• _Dataset records_
----

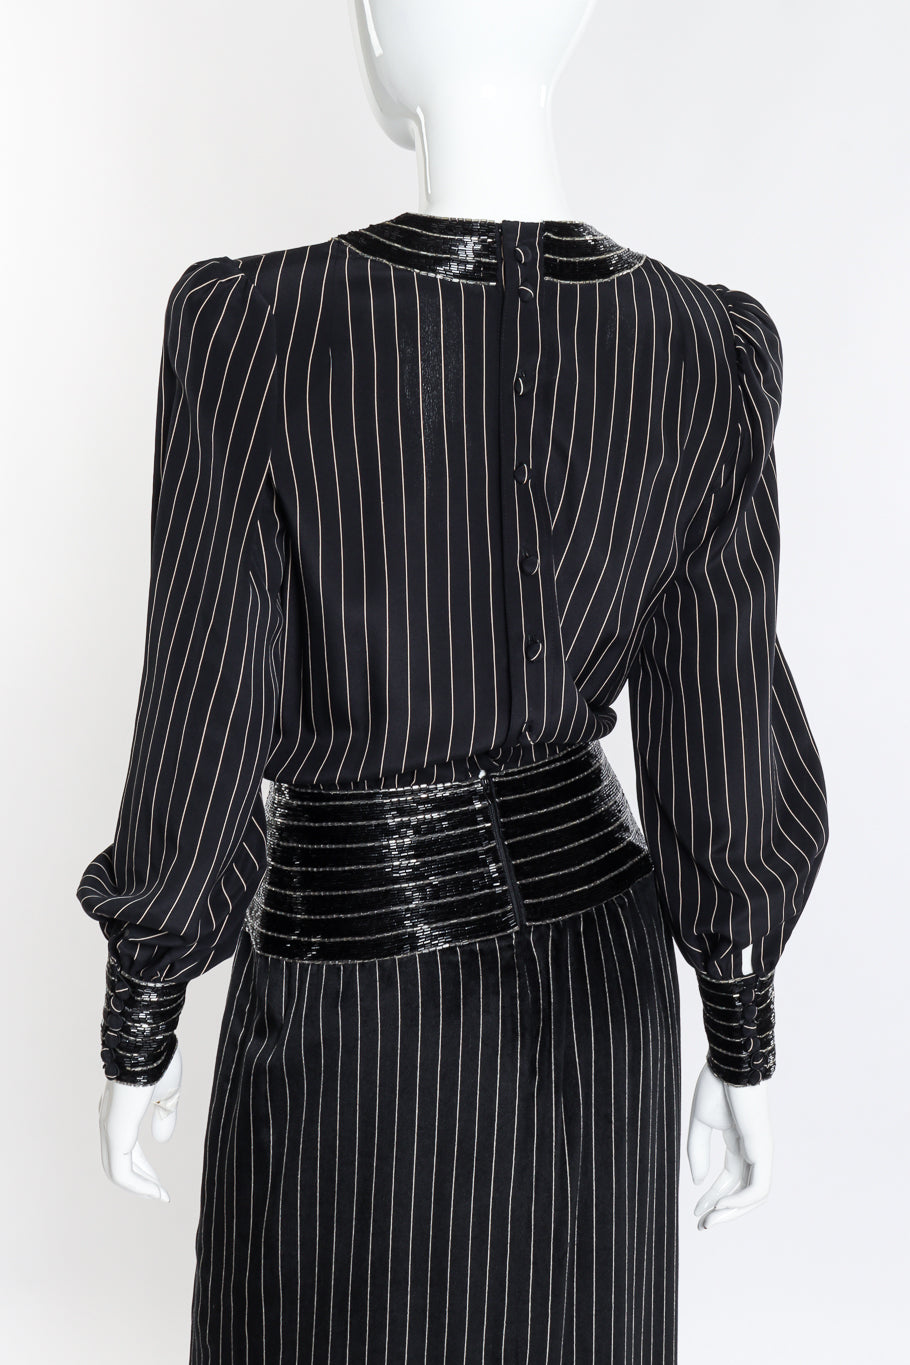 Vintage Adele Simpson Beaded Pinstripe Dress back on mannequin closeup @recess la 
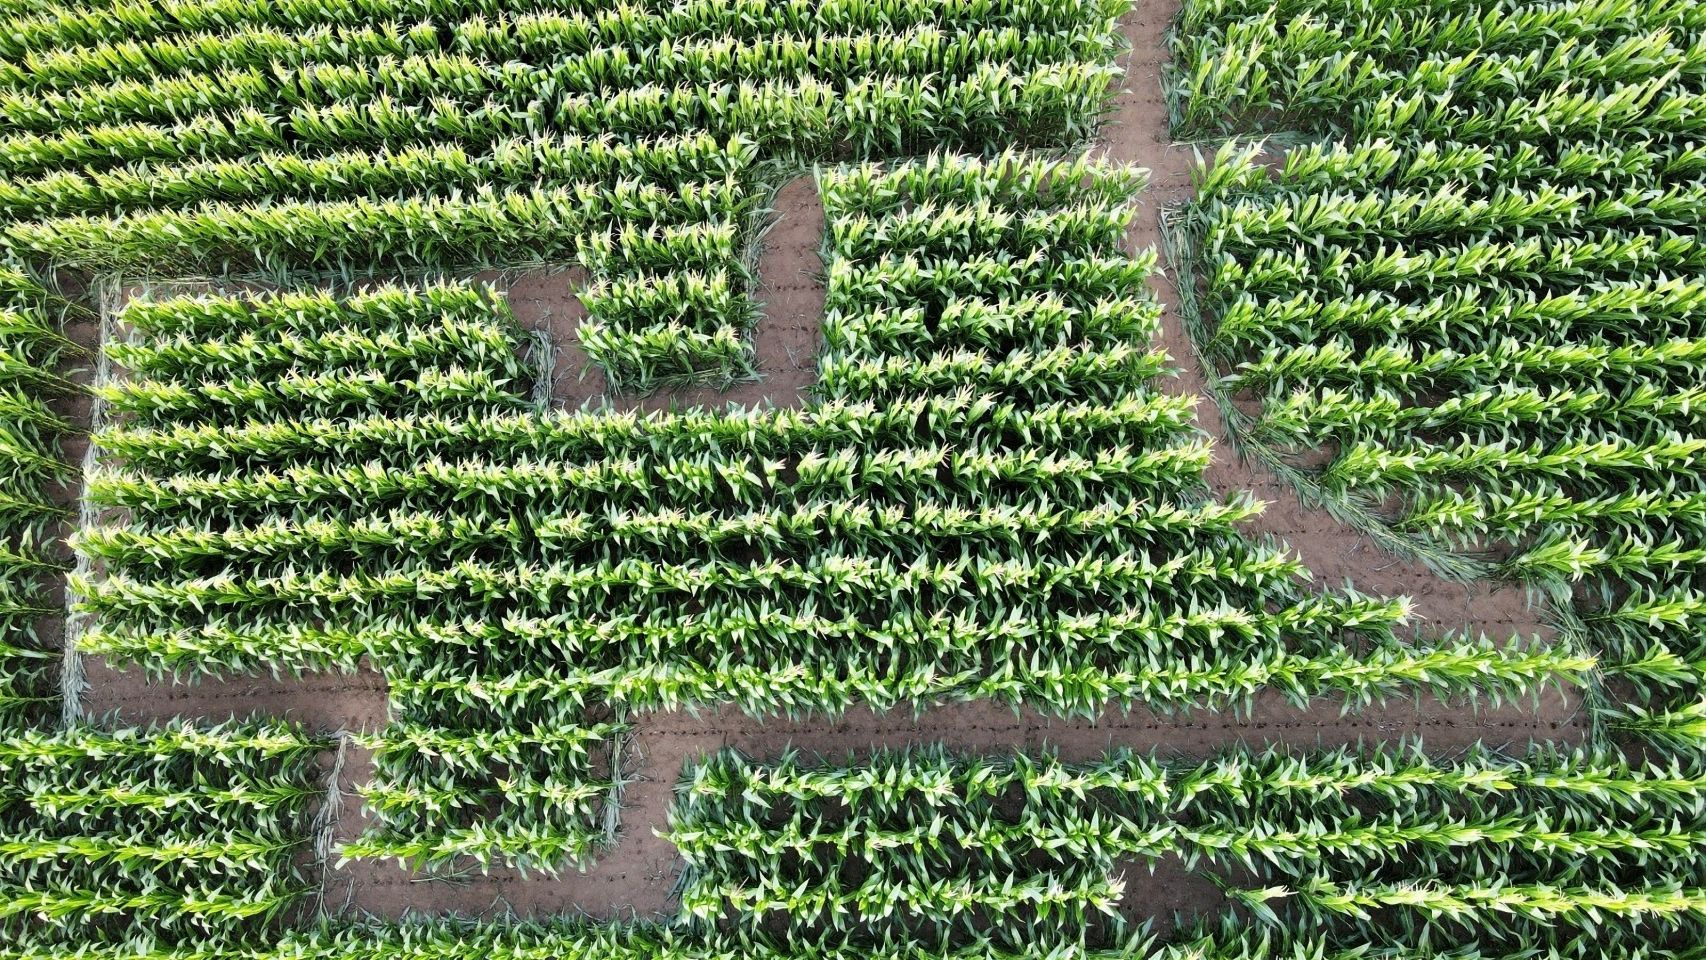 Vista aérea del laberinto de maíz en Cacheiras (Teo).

----

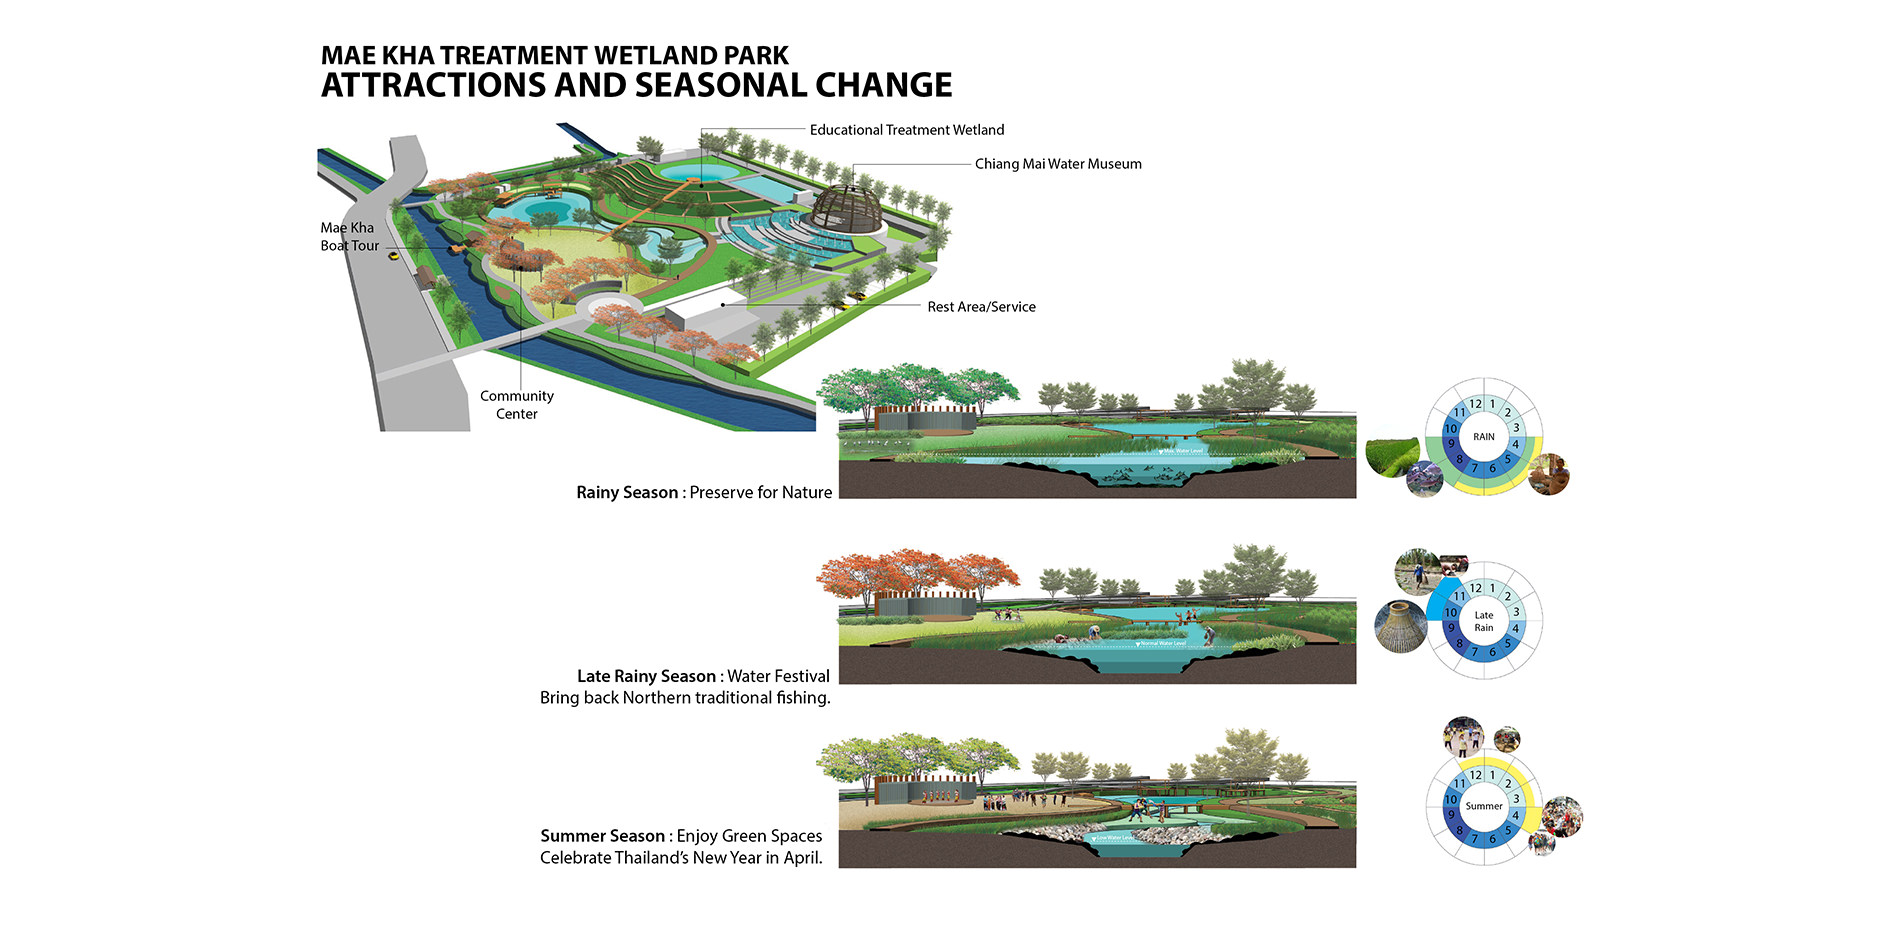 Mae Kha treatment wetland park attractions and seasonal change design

----

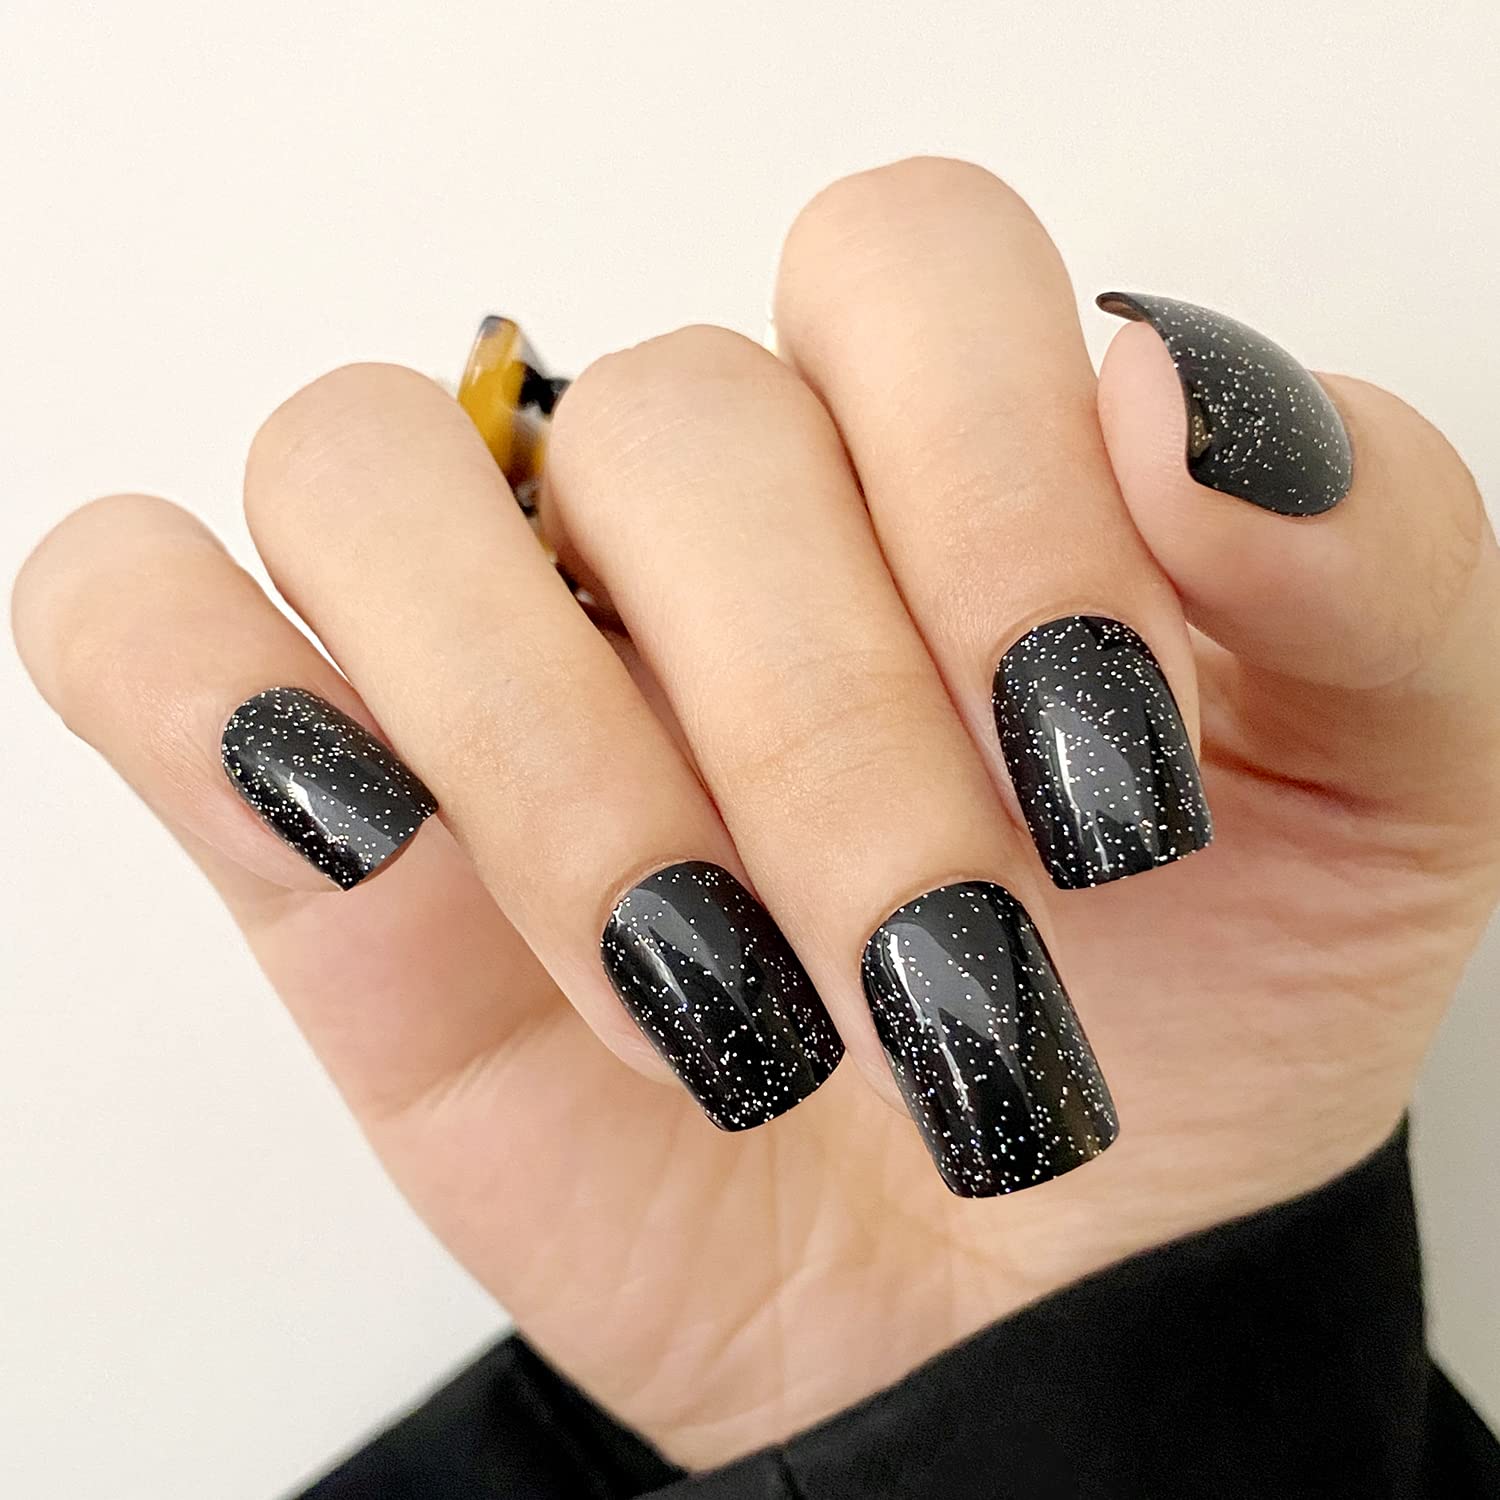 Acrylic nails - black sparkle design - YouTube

----

• _The problem_
Leaving each picture behind, please give again exactly the lines above from the one with "Vintage Adele Simpson" through the one with "Vista aérea del", both included, and no others.

• _Your solution_
 Vintage Adele Simpson Beaded Pinstripe Dress back on mannequin closeup @recess la 
 Vista aérea del laberinto de maíz en Cacheiras (Teo).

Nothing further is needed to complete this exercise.